ASSIGNED TASK -
Return the stretch from the line with "Sweet Potatoes Are" through the line with "Children playing on magnetic wall" in the data below, character for character, skipping all pictures.

MATERIAL SUPPLIED -
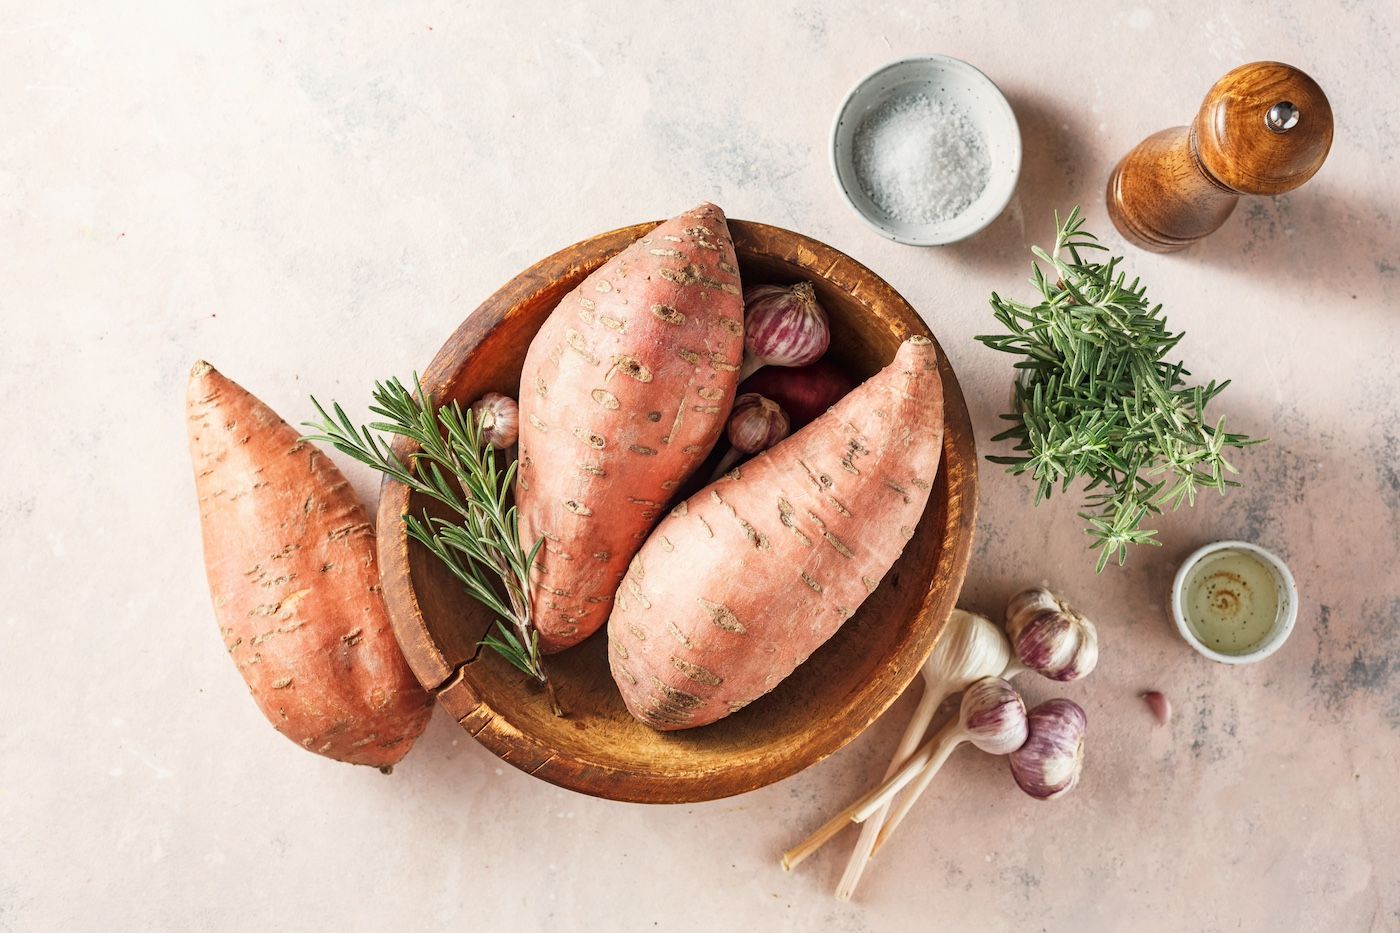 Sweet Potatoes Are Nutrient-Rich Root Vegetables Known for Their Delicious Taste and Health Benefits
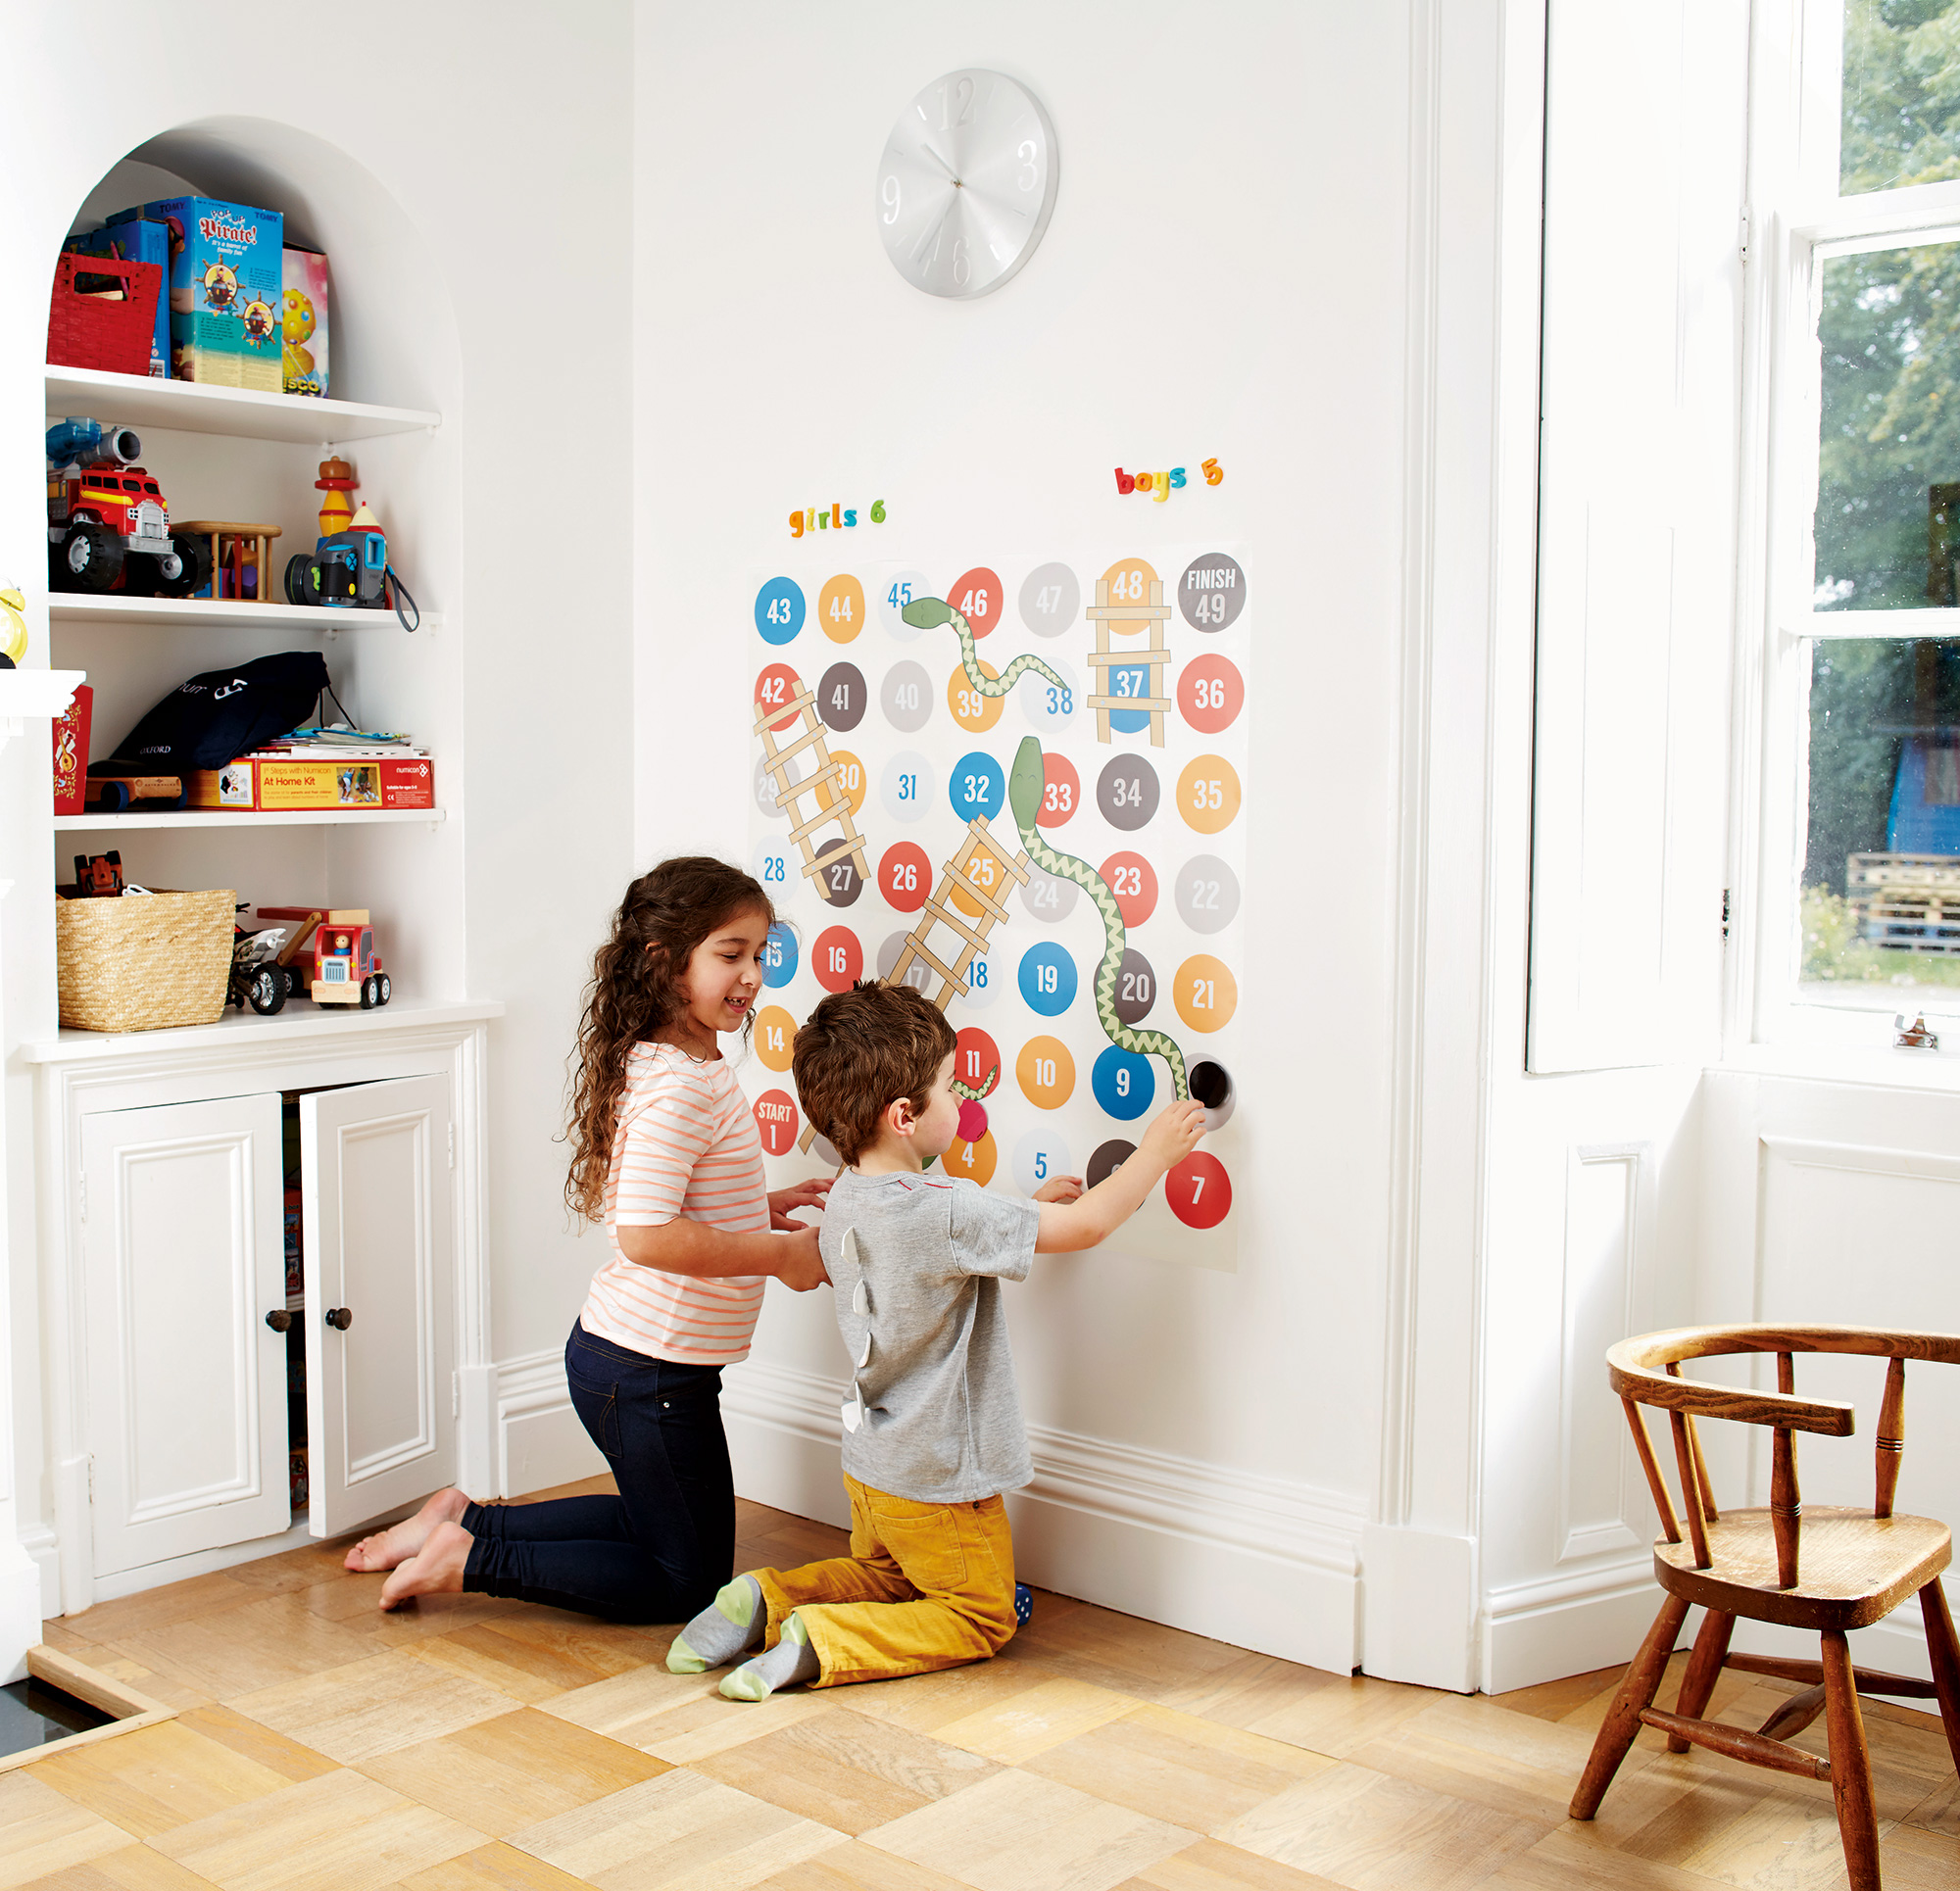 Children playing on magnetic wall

==

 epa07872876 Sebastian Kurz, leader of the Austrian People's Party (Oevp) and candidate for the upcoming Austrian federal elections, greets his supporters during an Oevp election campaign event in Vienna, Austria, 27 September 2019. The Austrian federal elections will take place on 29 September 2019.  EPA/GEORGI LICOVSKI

RESPONSE AREA -
 Sweet Potatoes Are Nutrient-Rich Root Vegetables Known for Their Delicious Taste and Health Benefits
 Children playing on magnetic wall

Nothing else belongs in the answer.